Task brief:
A faithful copy is required. Print each line of the data exactly and omit the pictures.

Start of Provided material

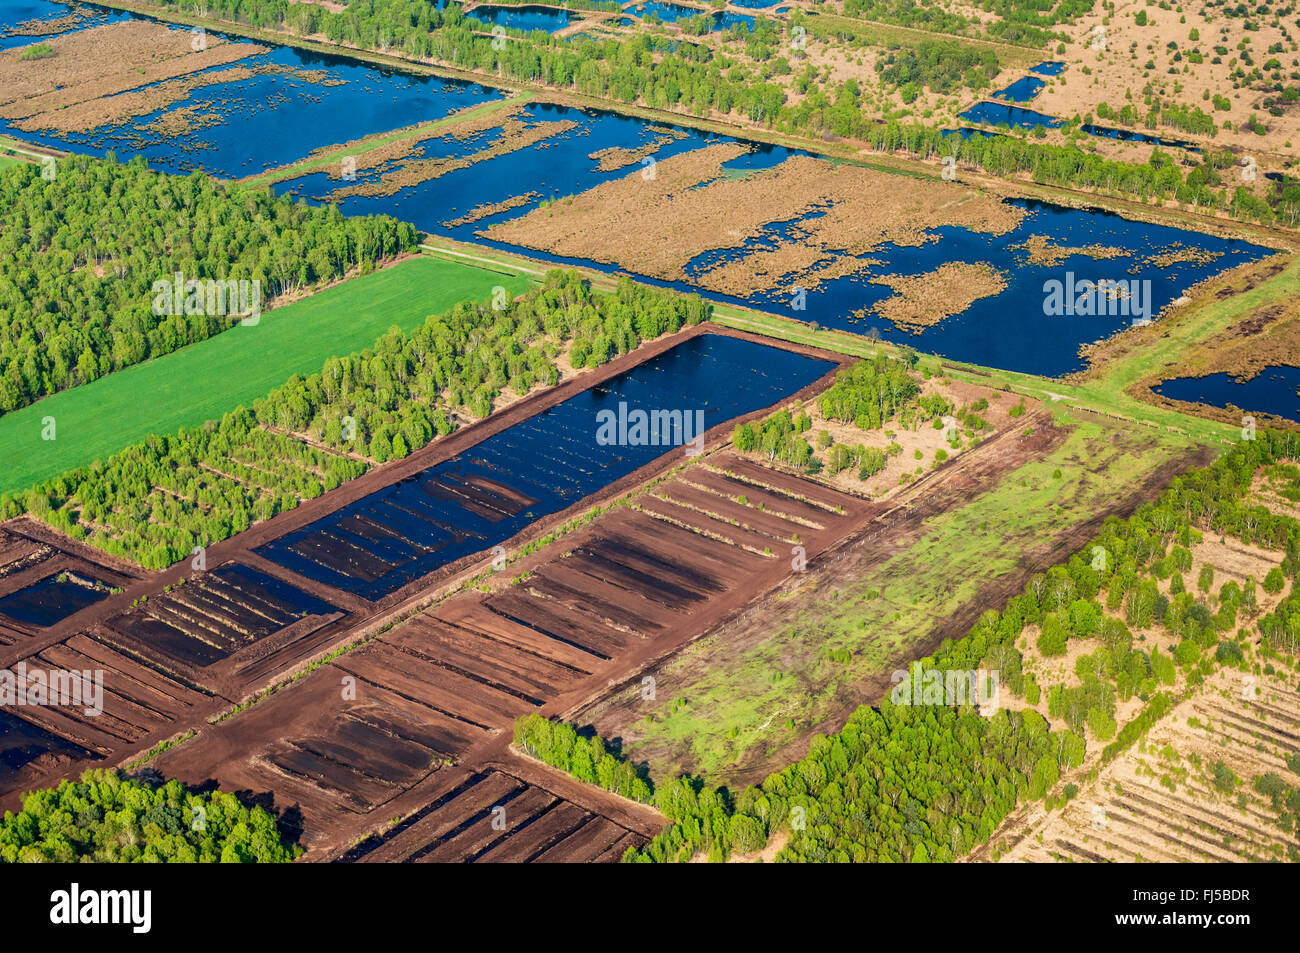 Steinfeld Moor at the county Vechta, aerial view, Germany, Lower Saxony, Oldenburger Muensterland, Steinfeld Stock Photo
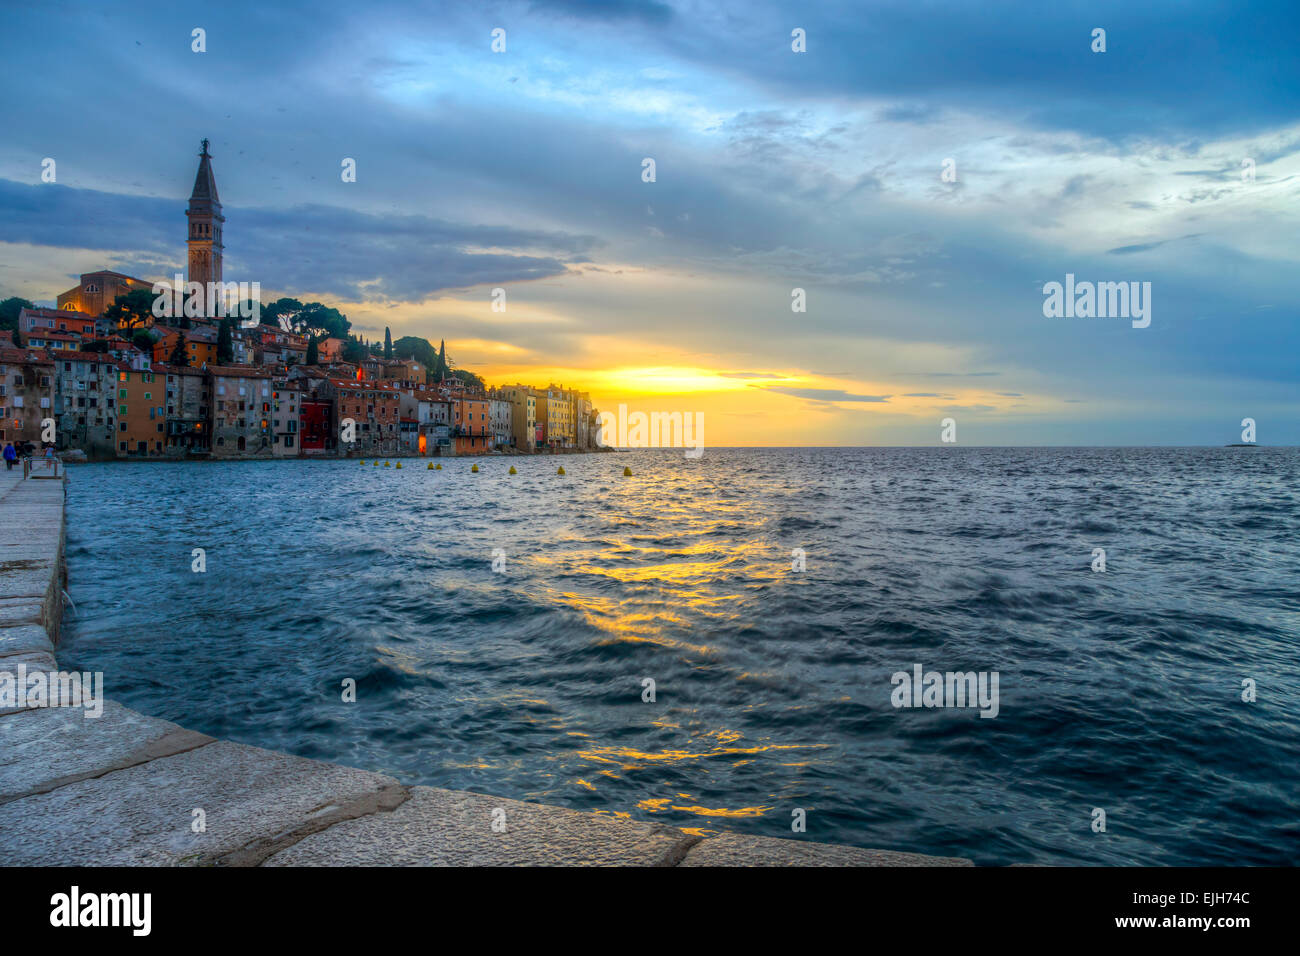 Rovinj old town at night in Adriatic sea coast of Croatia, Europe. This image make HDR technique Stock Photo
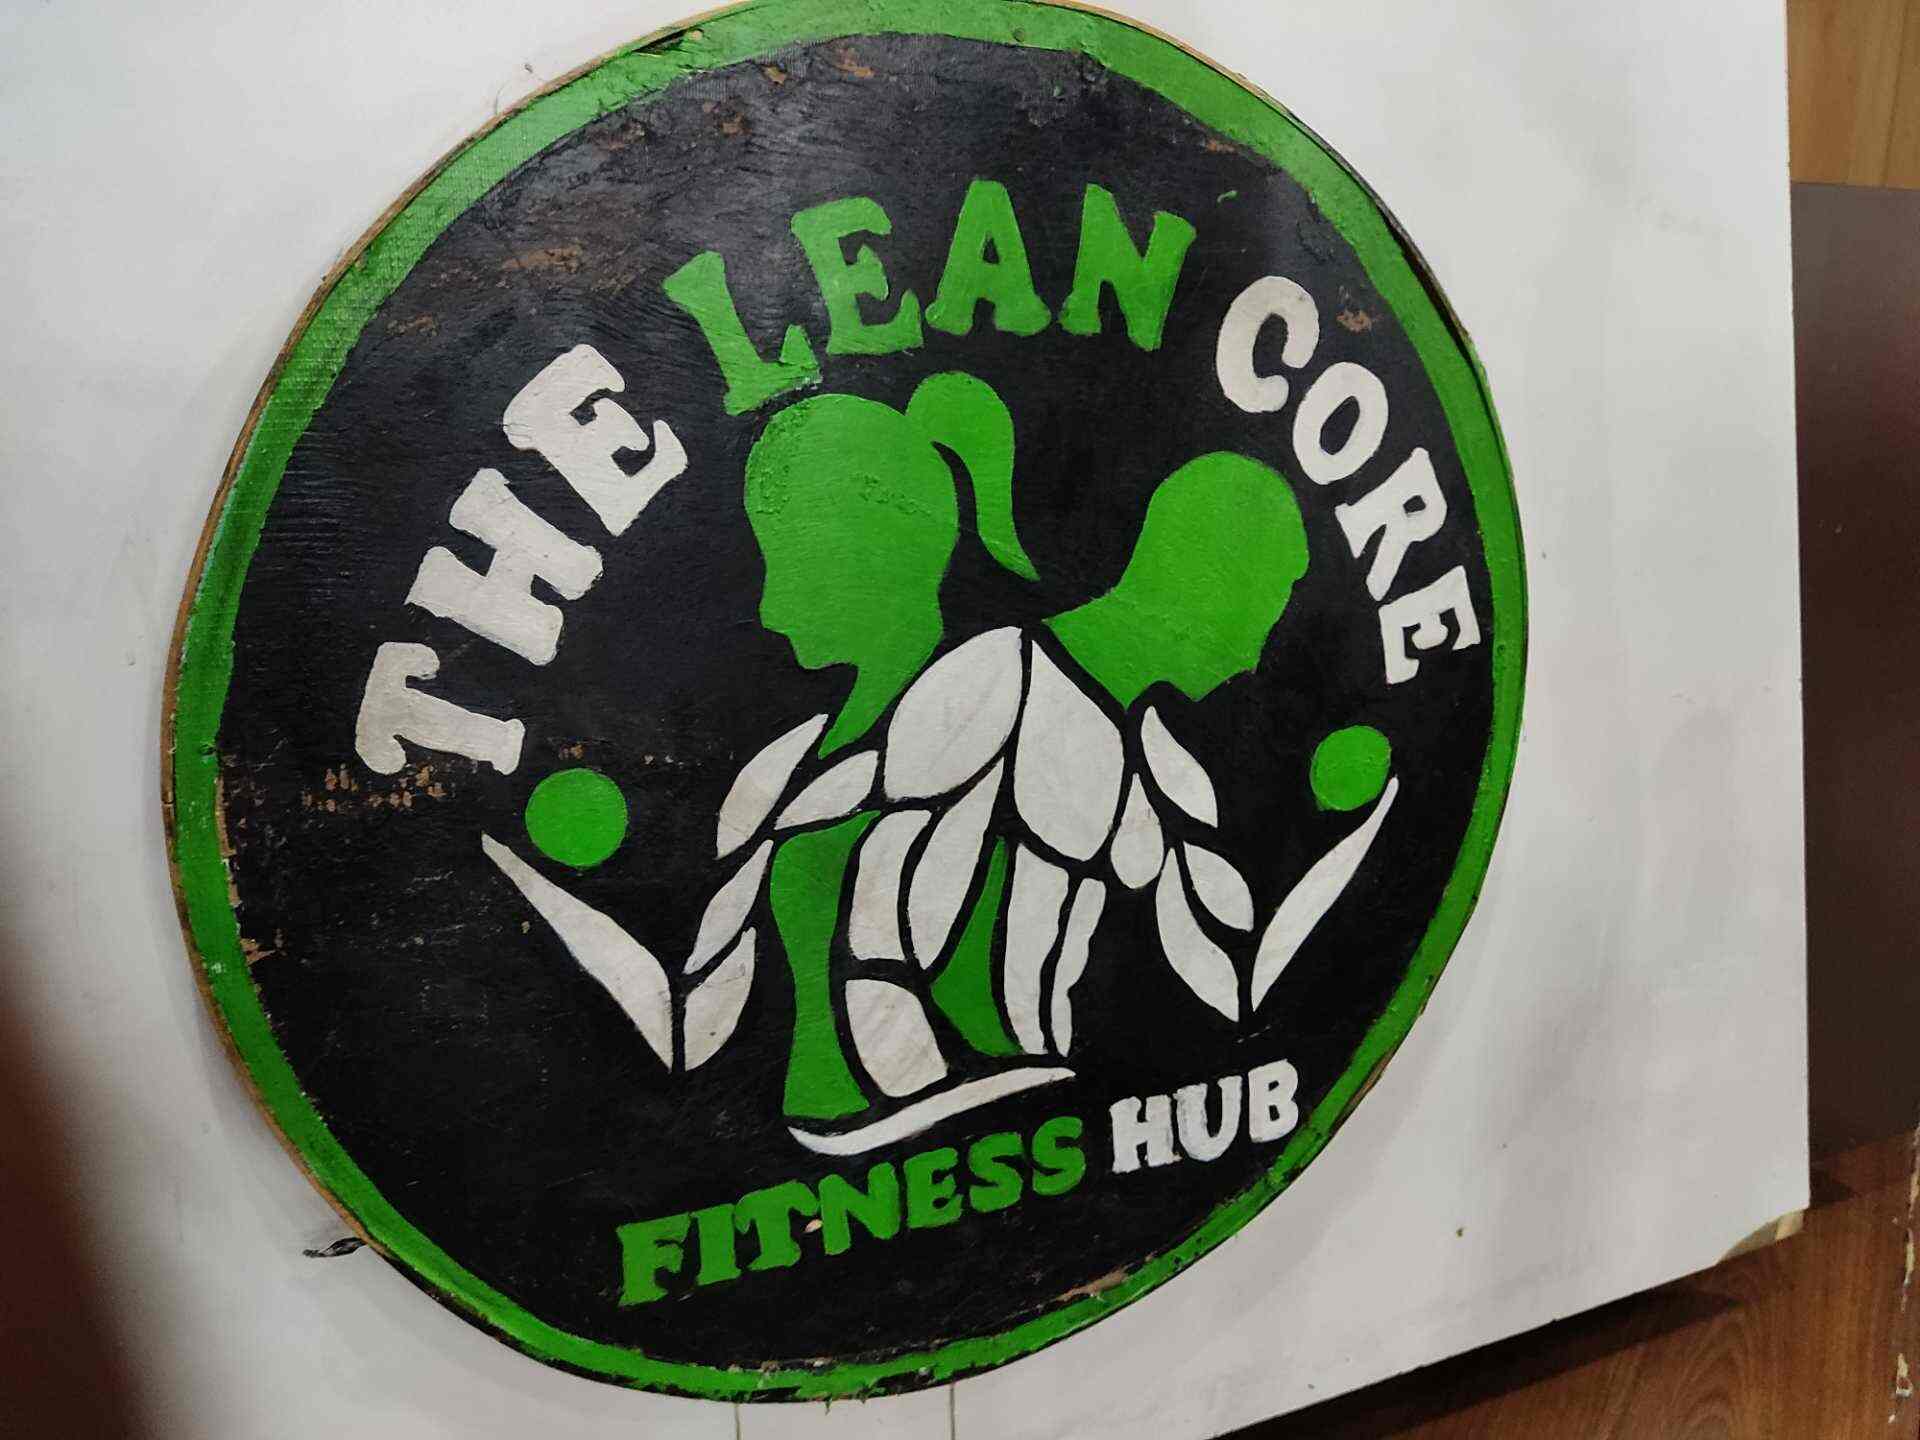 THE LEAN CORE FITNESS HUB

End of Provided material

Solution:
 Steinfeld Moor at the county Vechta, aerial view, Germany, Lower Saxony, Oldenburger Muensterland, Steinfeld Stock Photo
 Rovinj old town at night in Adriatic sea coast of Croatia, Europe. This image make HDR technique Stock Photo
 THE LEAN CORE FITNESS HUB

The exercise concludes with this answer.